Do this for your own best model and the labels you just picked. For each of your topic labels, if the probability for the label is the highest for the topic number you wrote down, your guess was probably correct. Did you guess a suitable label for every topic?

In [112]:
# your code here
reviews_ldamodel_5.get_term_topics("good", minimum_probability = 1e-3)

[(0, 0.0024713383),
 (1, 0.004900068),
 (2, 0.0020549402),
 (3, 0.0034489438),
 (4, 0.004087925),
 (5, 0.0034804526),
 (6, 0.0035401687),
 (7, 0.0042395815)]

(your answer here)

In a real project, you would also want to validate your topics by examining the reviews that are most strongly associated with that topic. You can see what documents have what topics using the get_document_topics() method. Here we look at the topics for the first document in the model (change the name of the model to yours):

In [104]:
reviews_ldamodel_5.get_document_topics(movie_bow_corpus[0], minimum_probability = 0)

[(0, 0.00015640355),
 (1, 0.00015646798),
 (2, 0.00015646858),
 (3, 0.00015643754),
 (4, 0.23685333),
 (5, 0.75400776),
 (6, 0.00015644266),
 (7, 0.008356733)]

Or for the first 20 of them:

In [103]:
for i, doc_topics in enumerate(reviews_ldamodel_5.get_document_topics(movie_bow_corpus)):
    if i >= 20:
        break
    print(f"Topics for the review {movie_reviewnames[i]}: {doc_topics}")

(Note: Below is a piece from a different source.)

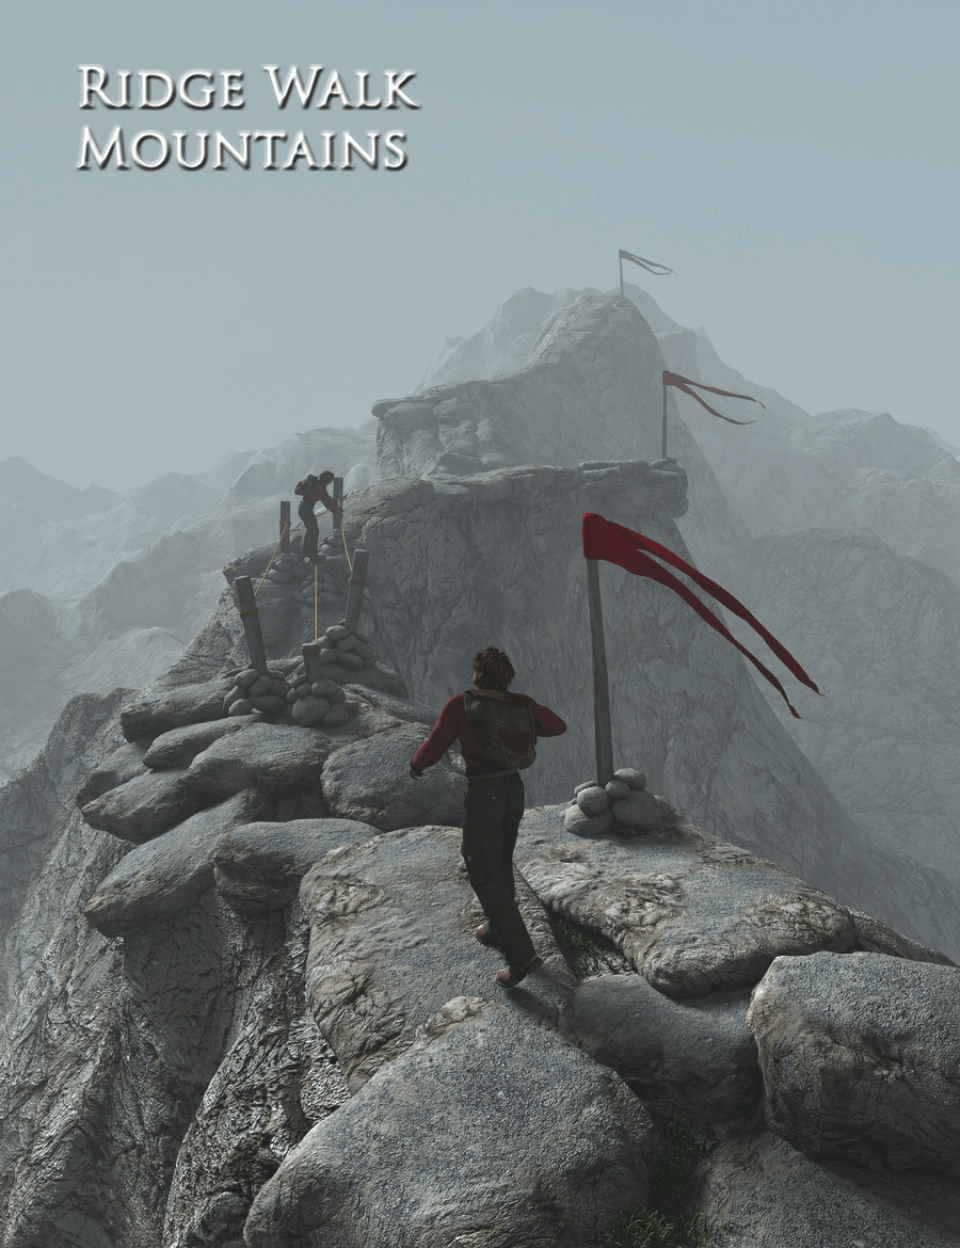 daz ridge walk mountains showing flags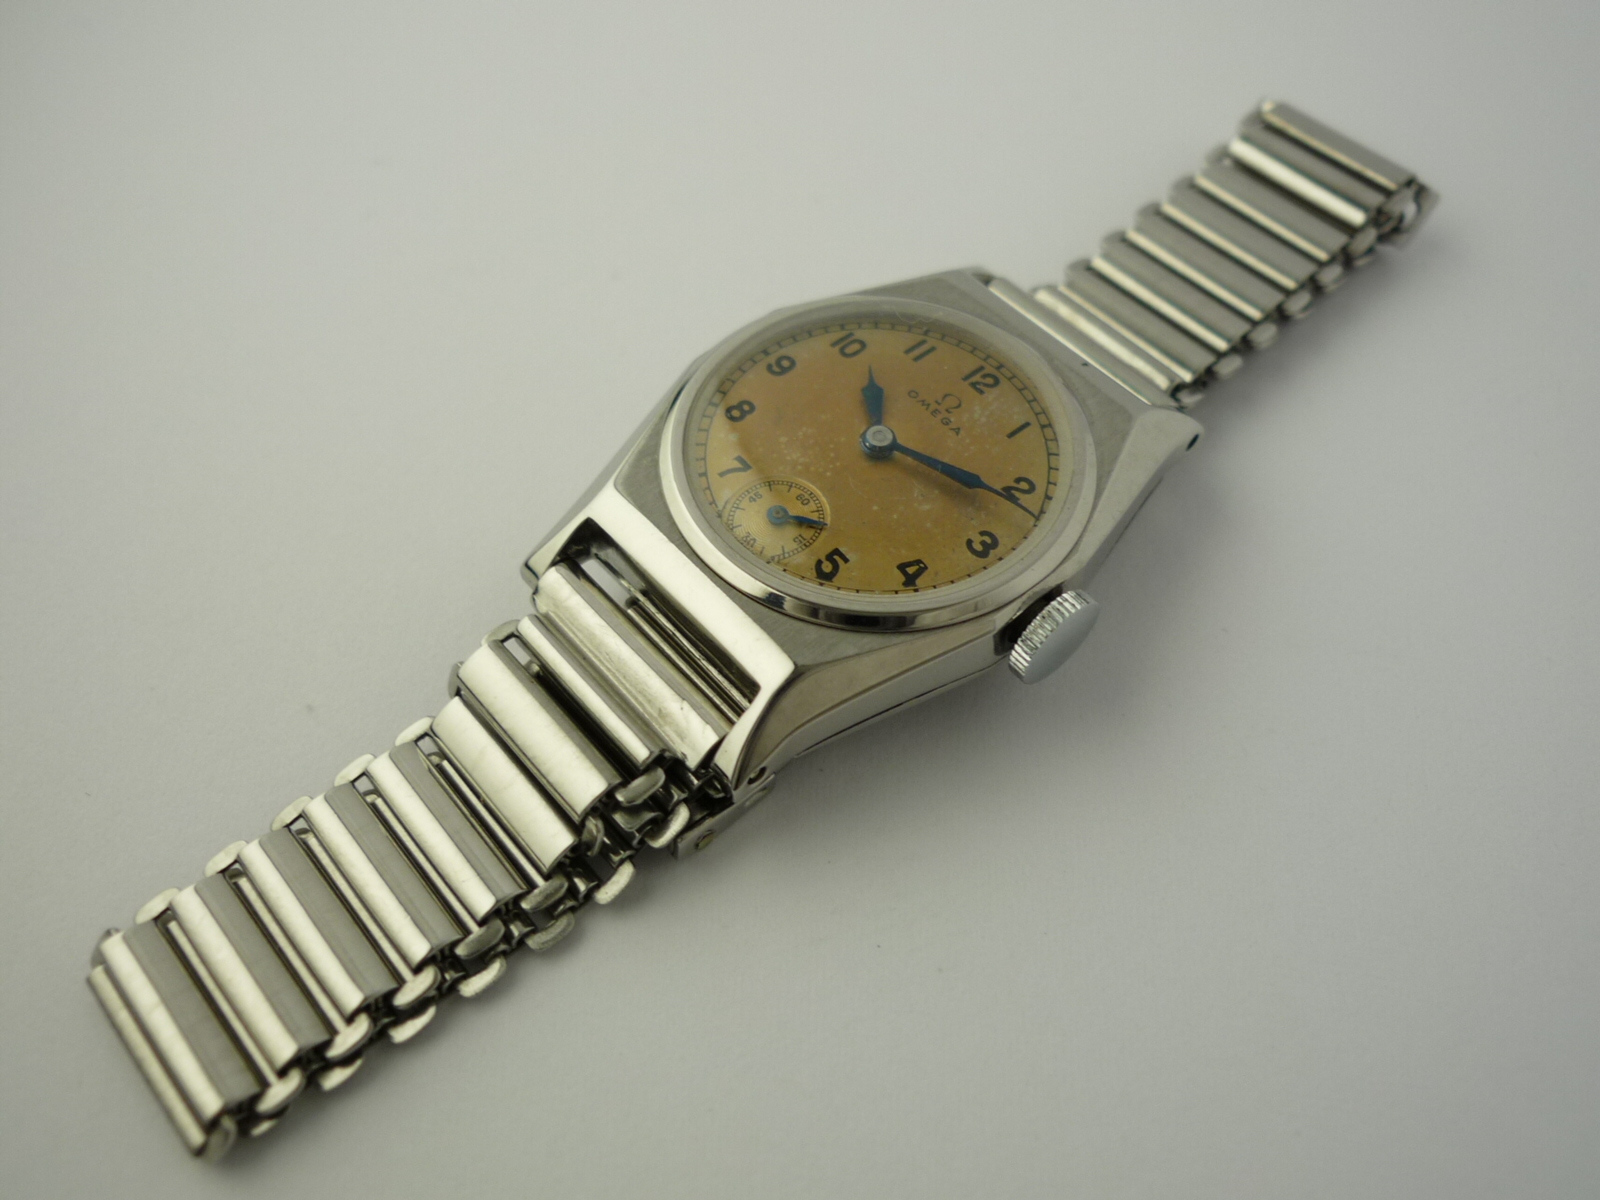 Vintage Omega Art Deco Design wristwatch (1939)

Topics for the review cv000_29590.txt: [(4, 0.23686397), (5, 0.75400853)]
Topics for the review cv001_18431.txt: [(1, 0.17214037), (4, 0.3357013), (5, 0.4835417)]
Topics for the review cv002_15918.txt: [(1, 0.4678076), (4, 0.037359186), (5, 0.49348322)]
Topics for the review cv003_11664.txt: [(1, 0.22001721), (4, 0.15501367), (5, 0.37171966), (6, 0.24740753)]
Topics for the review cv004_11636.txt: [(1, 0.3063768), (4, 0.13730076), (5, 0.48968762), (7, 0.065961674)]
Topics for the review cv005_29443.txt: [(1, 0.21698801), (3, 0.11653629), (4, 0.13869707), (5, 0.42899436), (6, 0.098395616)]
Topics for the review cv006_15448.txt: [(1, 0.10966835), (3, 0.04555083), (4, 0.25933298), (5, 0.54796857), (7, 0.03553256)]
Topics for the review cv007_4968.txt: [(1, 0.17226005), (4, 0.35740015), (5, 0.46585268)]
Topics for the review cv008_29435.txt: [(1, 0.24910447), (4, 0.1768782), (5, 0.49528638), (6, 0.077033974)]
Topics for the review cv009_29592.txt: [(0, 0.026072387), (1, 0.30831927), (4, 0.

But this assignment is already long enough so I will not ask you to report on this too!